The Busan–Masan Uprising or shortly Buma Uprising against the Yushin regime, took place between 16 and 20 October 1979 in Busan and Masan (now a district of Changwon, South Korea). Students from Busan National University began demonstrations calling for the abolition of the Yushin regime. On 17 October the protests grew to include citizens and spread to Masan on 18 and 19 October.  It also called as Busan–Masan Democratic Uprising () or Busan–Masan Democratization Movement ().
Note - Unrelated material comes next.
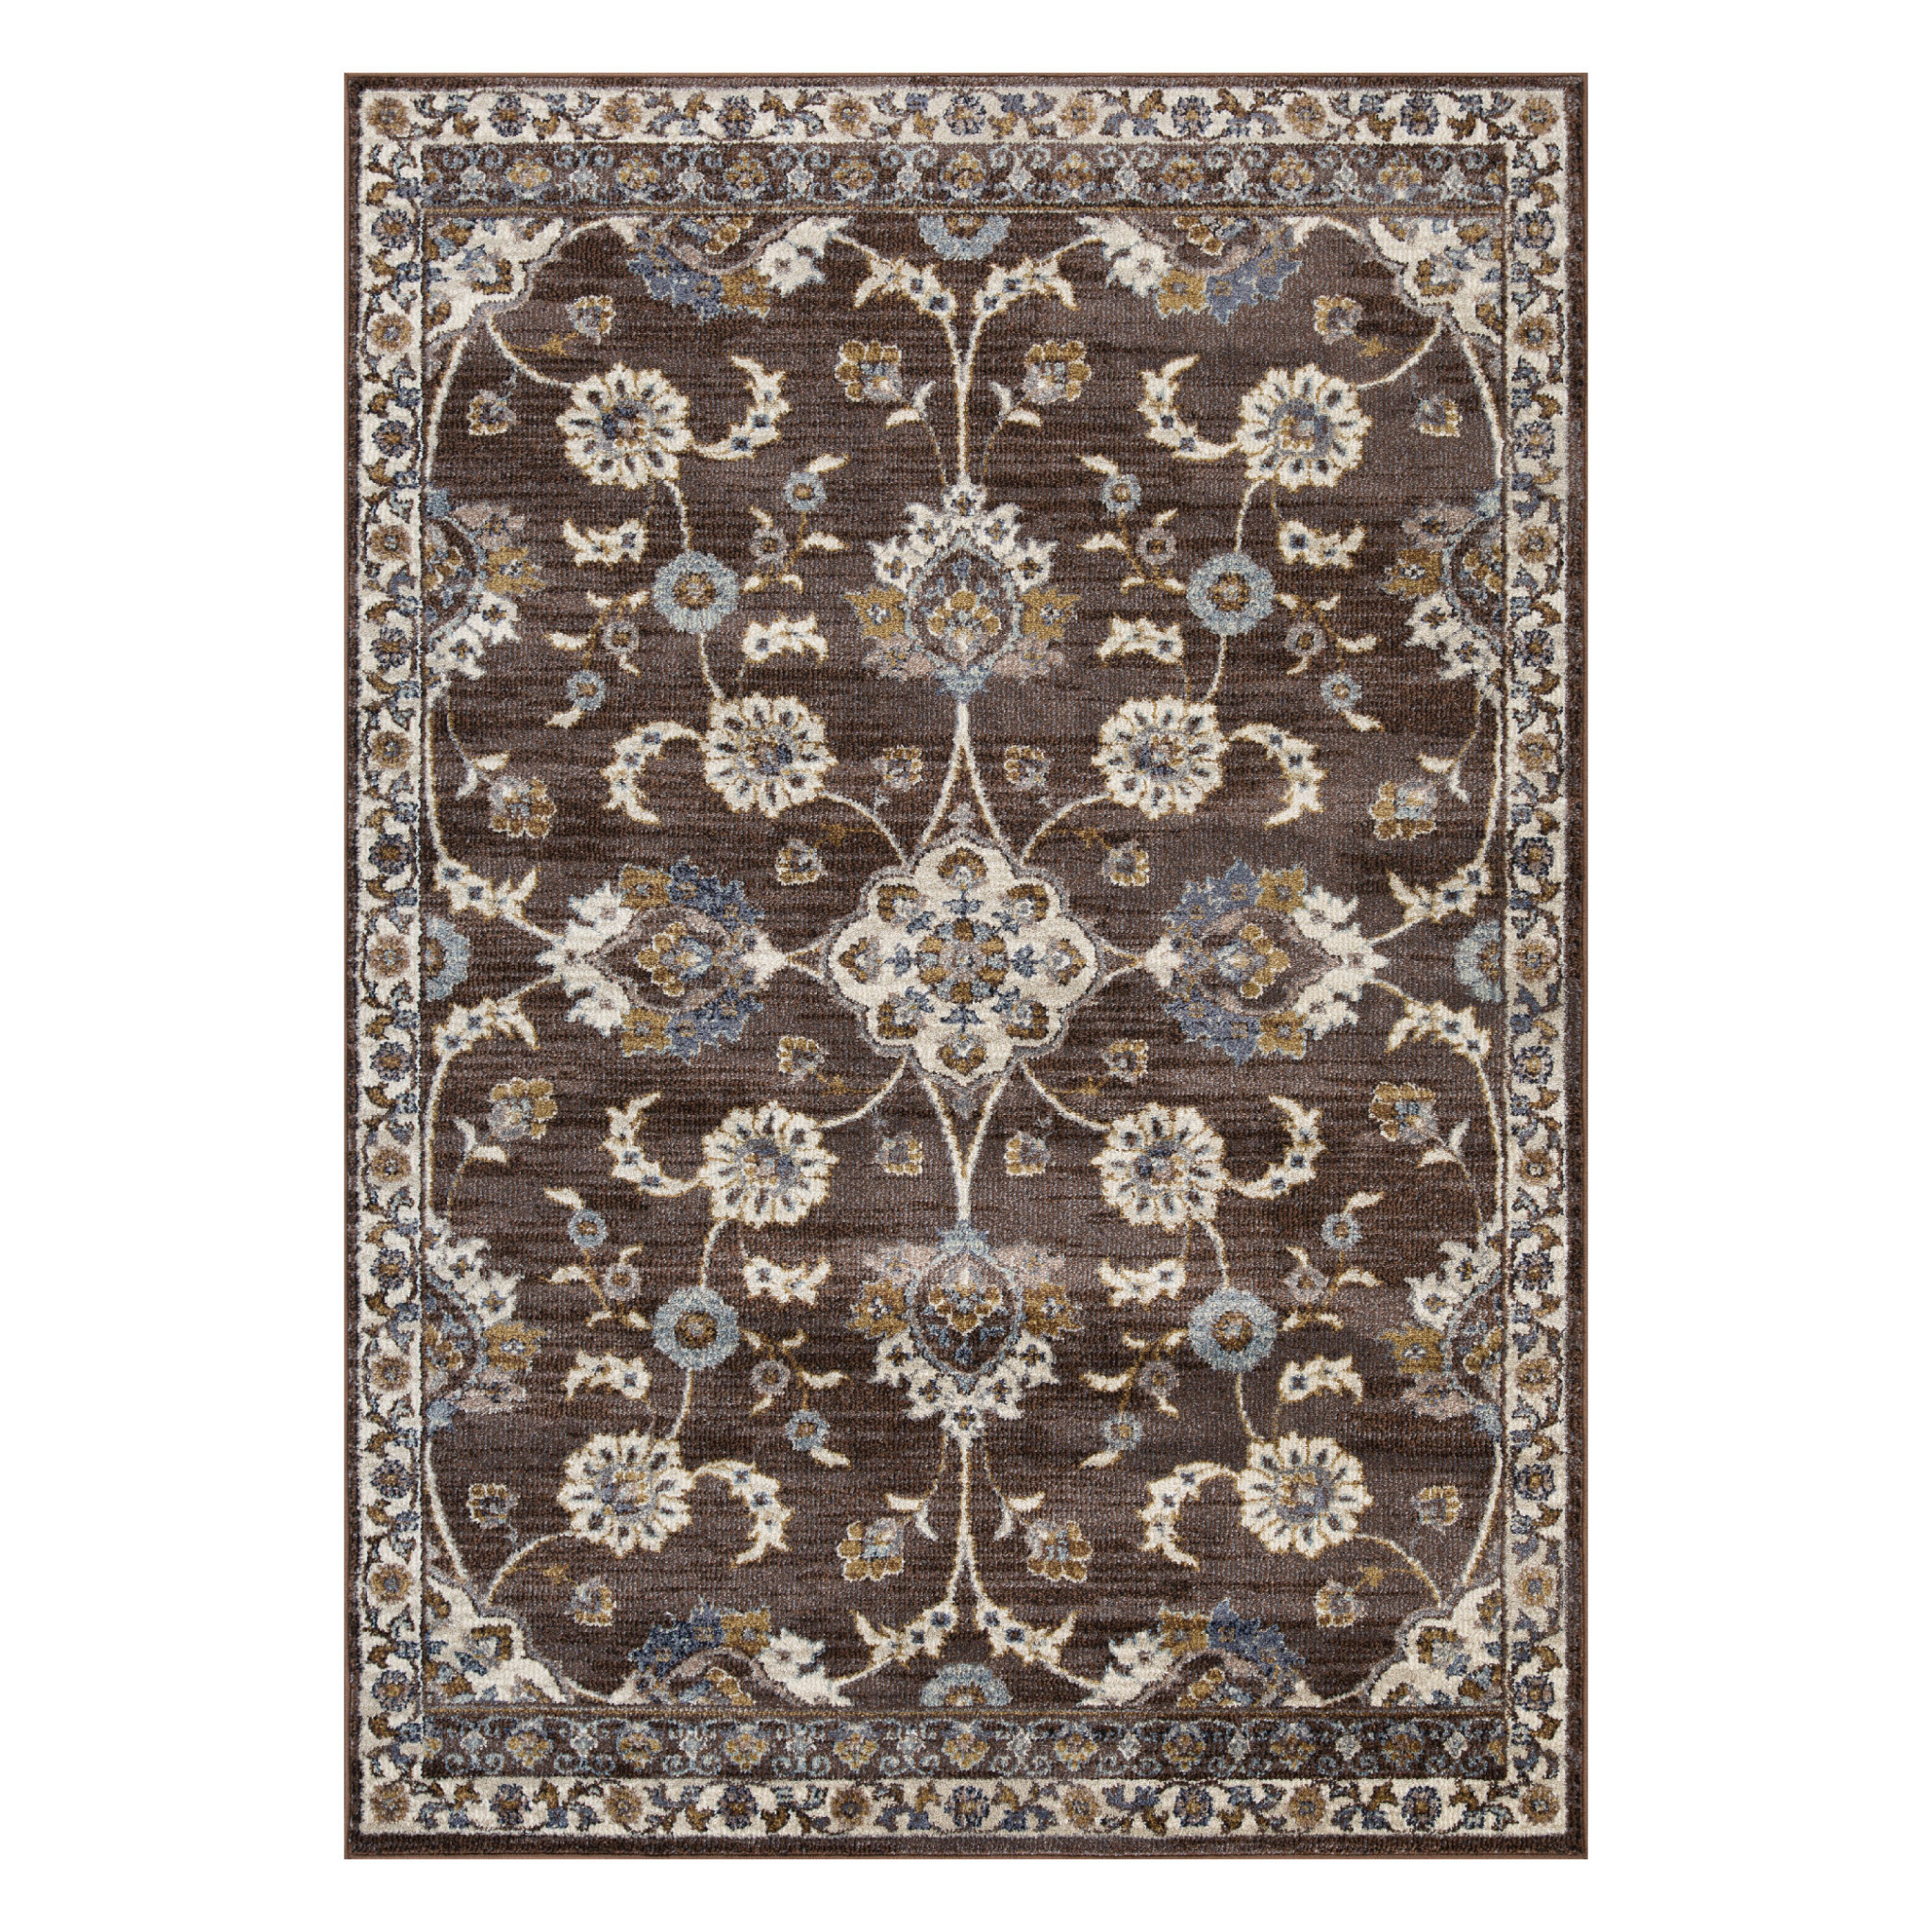 6' x 9' Brown Floral Power Loom Area Rug With Fringe-532150-1

President Park Chung-hee declared martial law on 18 October and referred 66 people to military court. On 20 October, Park invoked the Garrison Act. The army was mobilized, and 59 civilians were brought to military court. Six days later, Park is assassinated by his own intelligence chief.

Background
The 1978 National Assembly election was held in December and was influenced by the government. Nevertheless, the ruling Republican Party was defeated by the New Democratic Party.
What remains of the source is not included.